WORK REQUIRED
Transcribe exactly, and without pictures, only the lines from the one bearing "Chanel Chanel Premiere" through the final line of the data below.
[DATA SEGMENT]
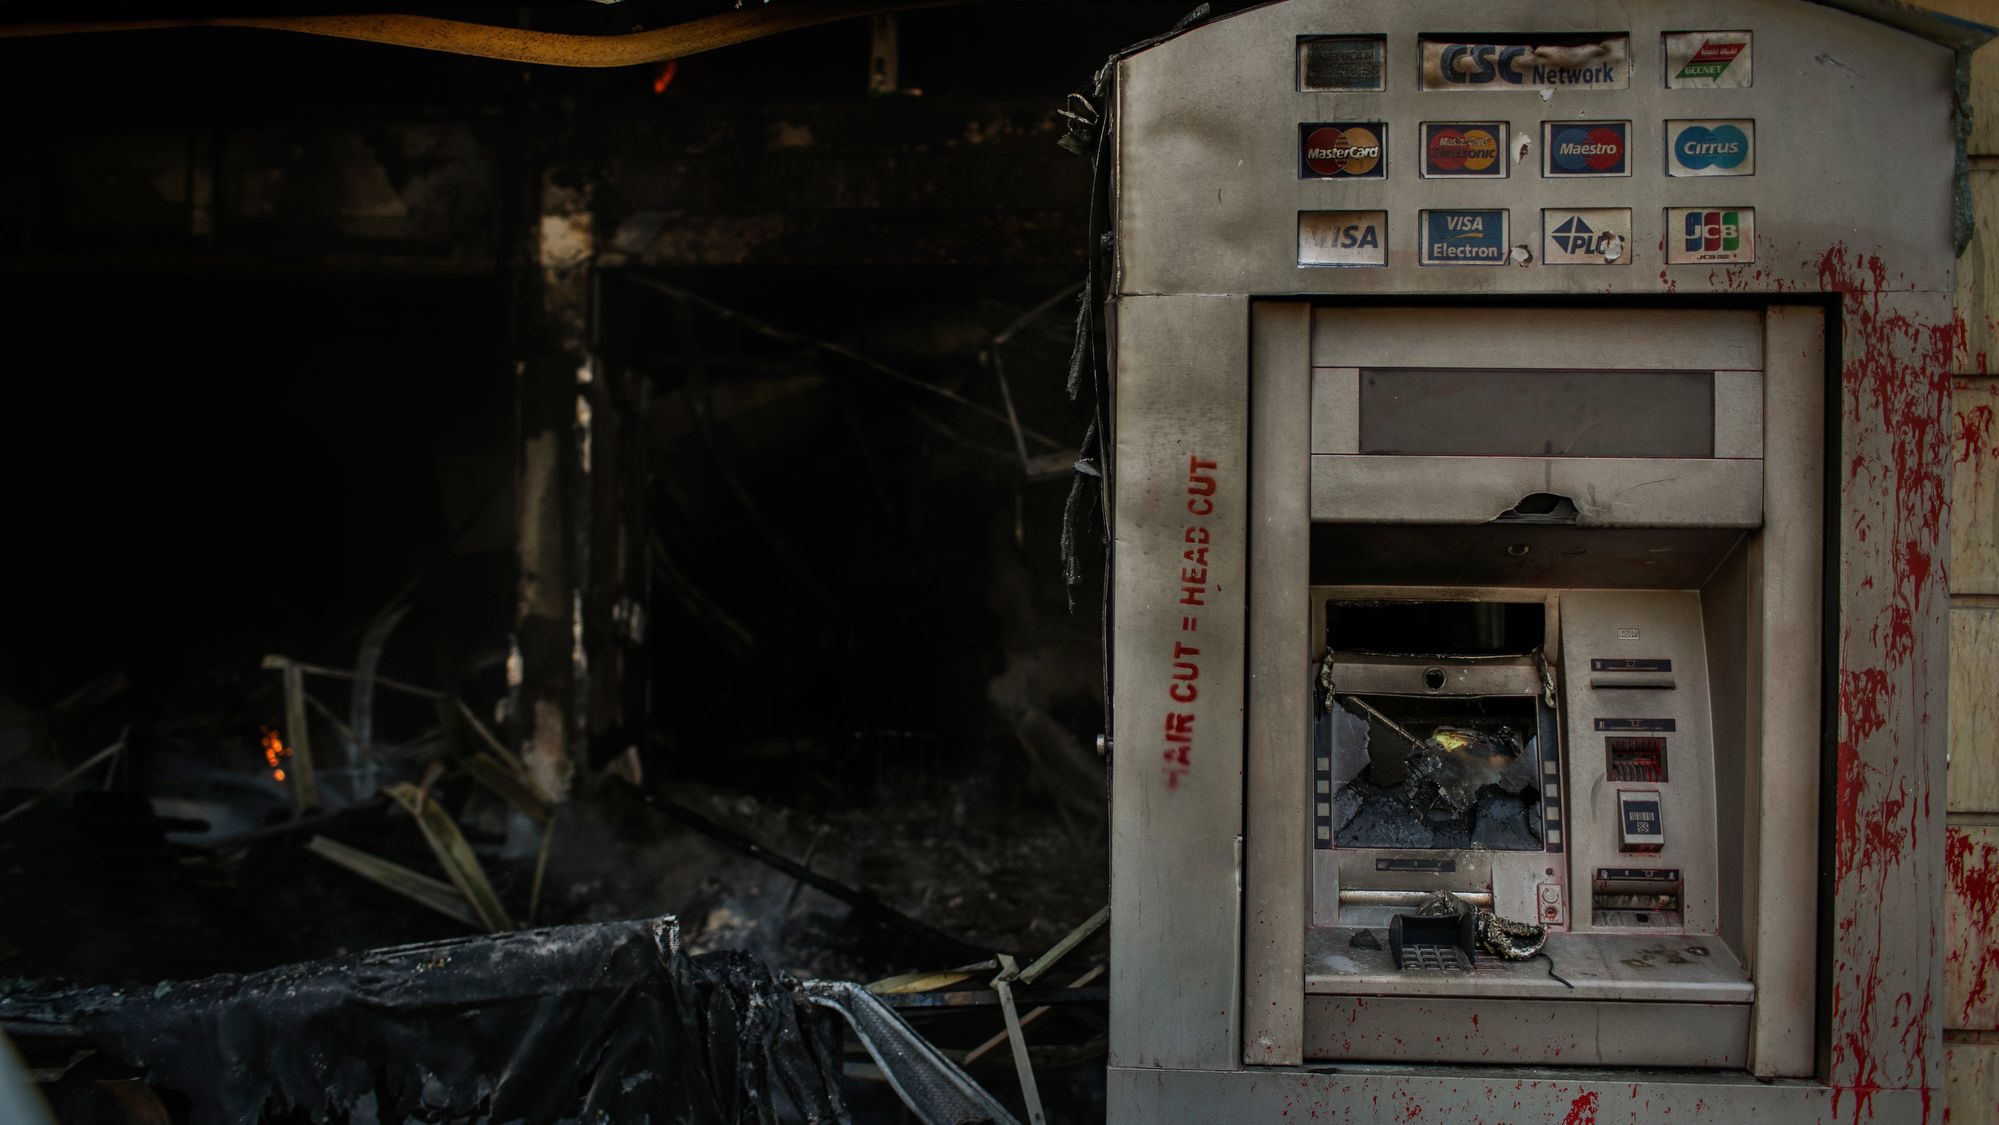 Red paint is seen on a burned ATM on Tuesday. The paint reads "hair cut = head cut."
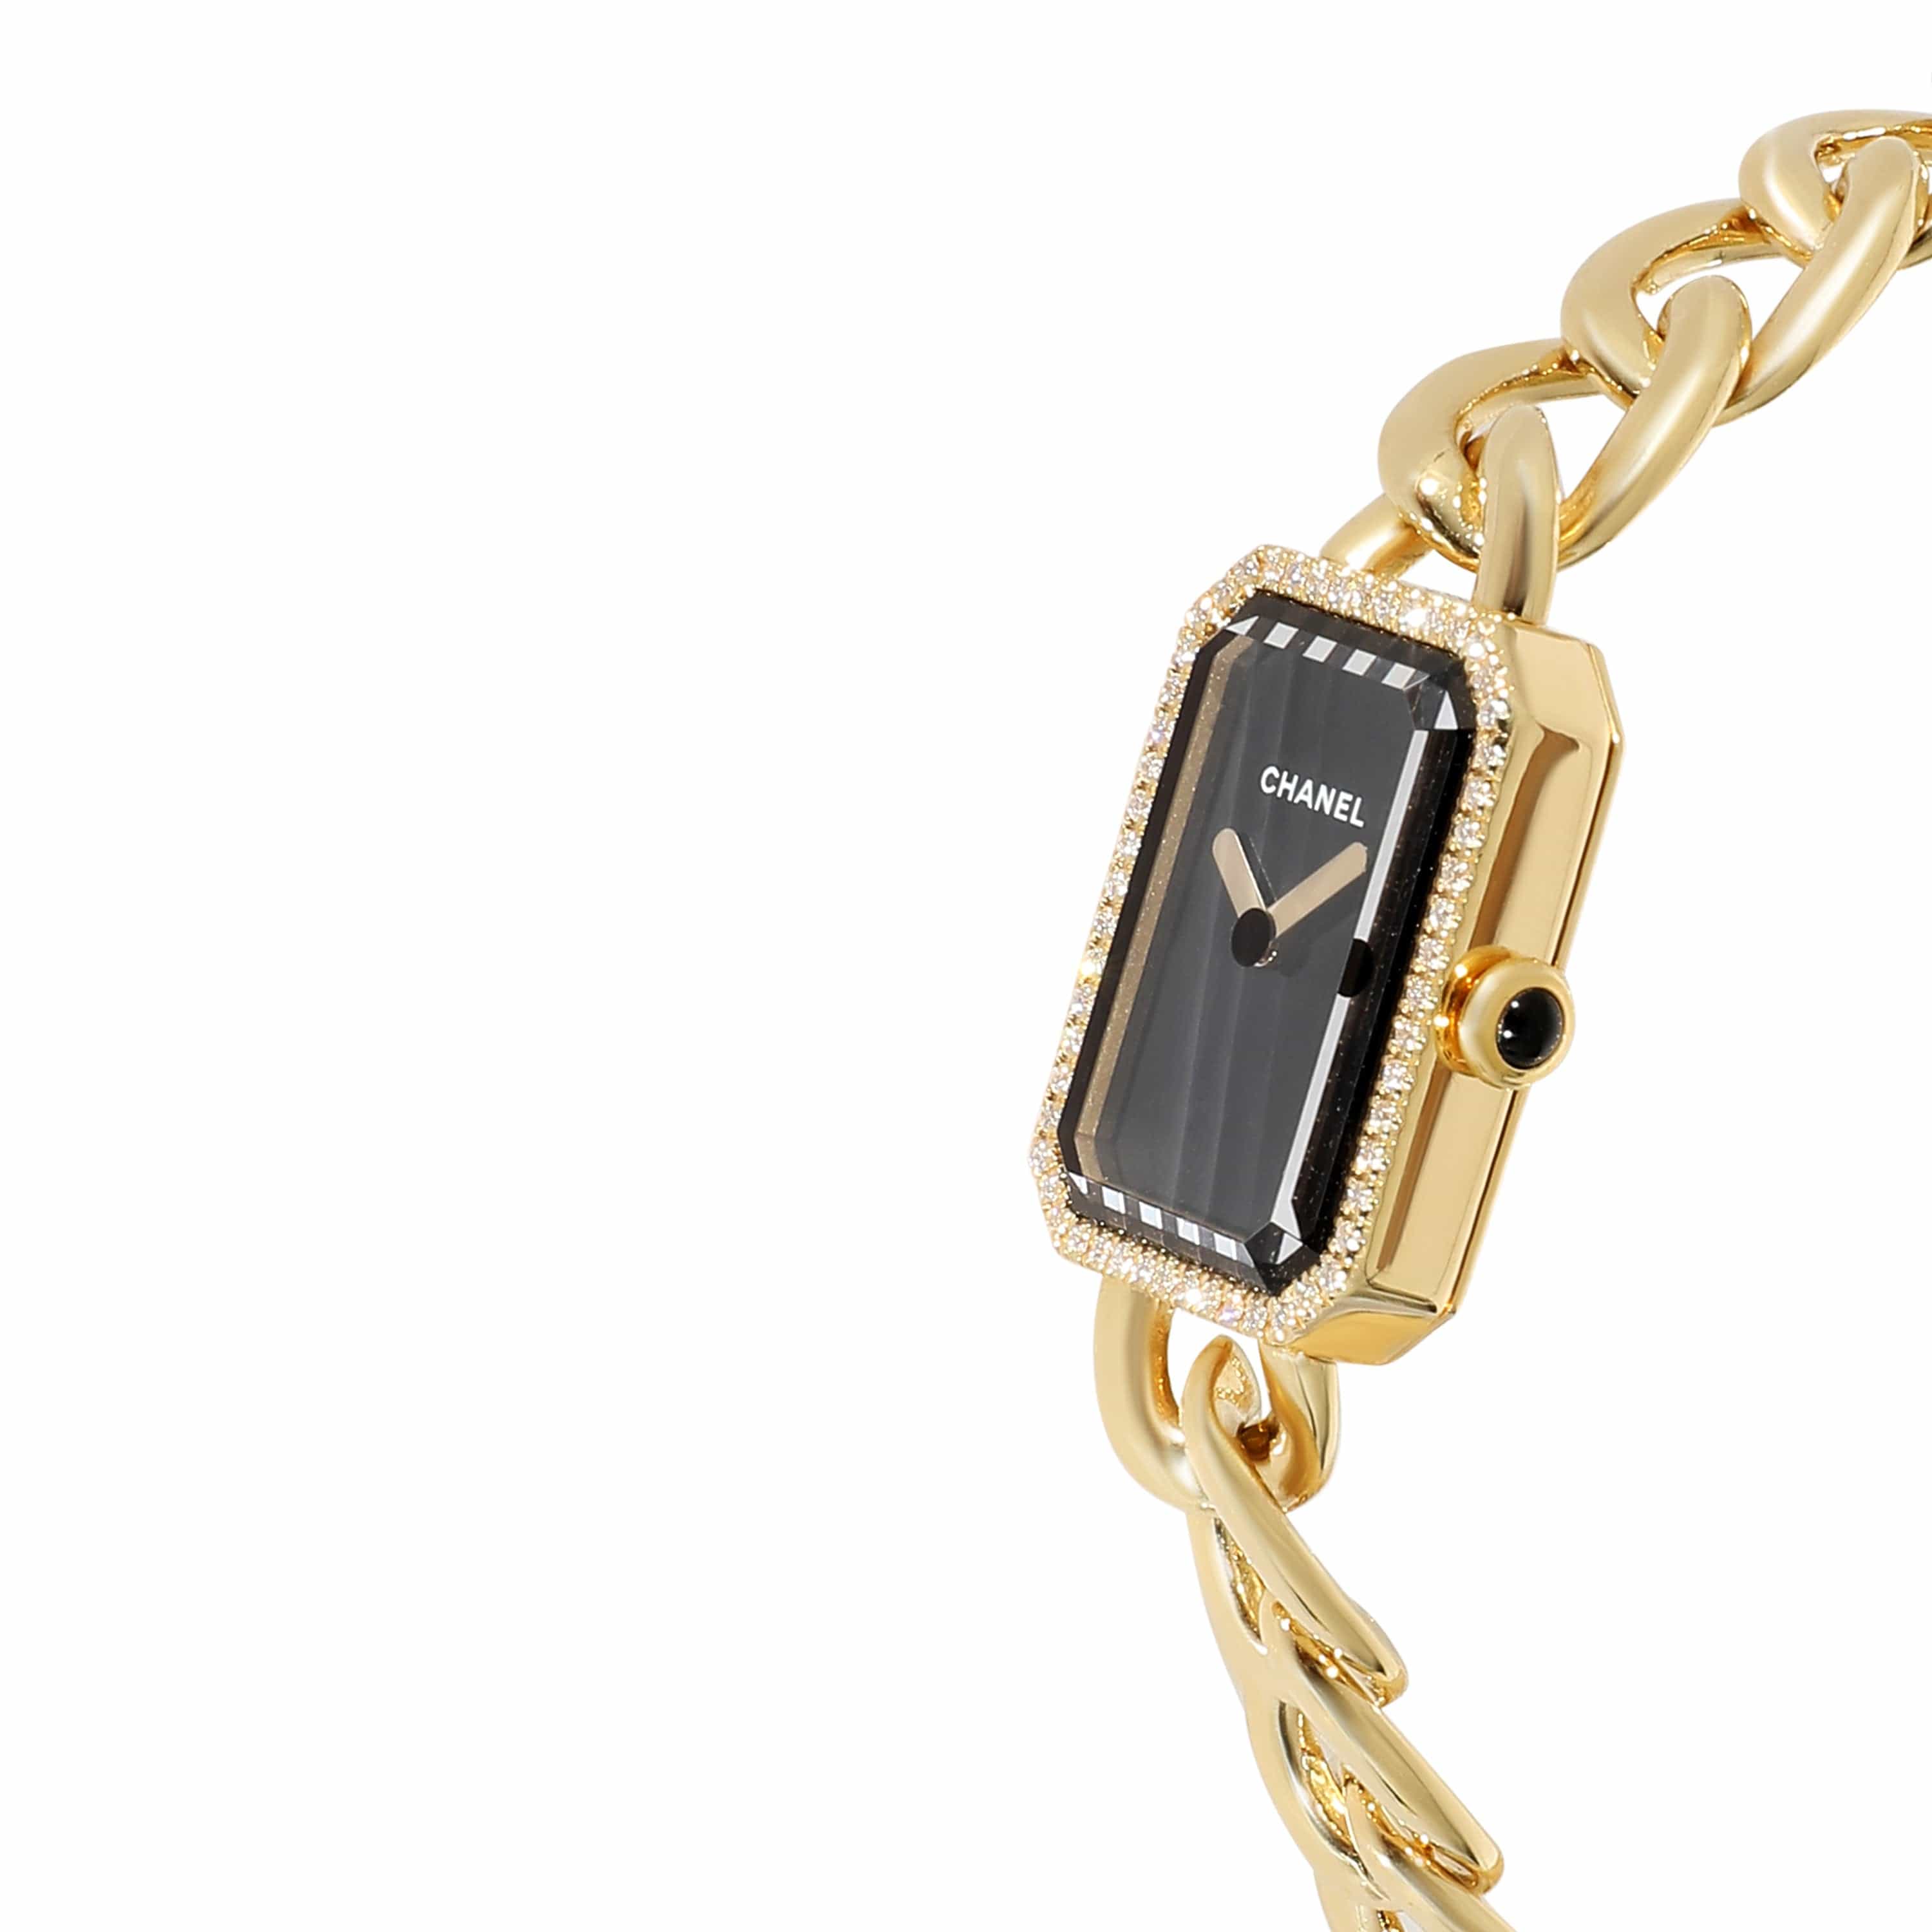 Chanel Chanel Premiere Chaine H03258 Women's Watch in 18kt Yellow Gold
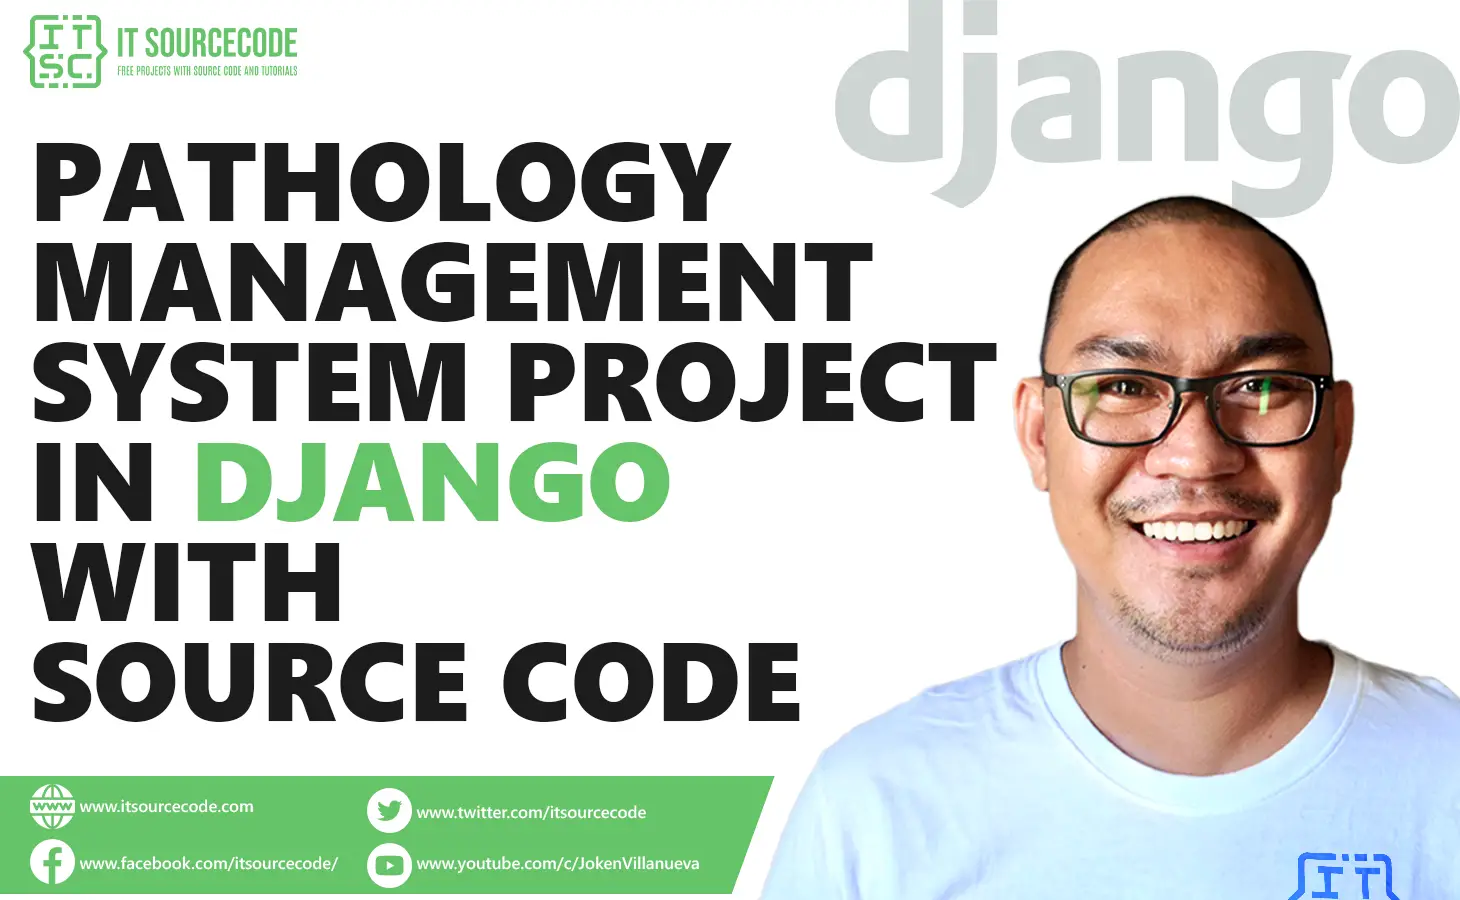 Pathology Management System Project in Django with Source Code
[/DATA SEGMENT]
EXPECTED ANSWER
 Chanel Chanel Premiere Chaine H03258 Women's Watch in 18kt Yellow Gold
 Pathology Management System Project in Django with Source Code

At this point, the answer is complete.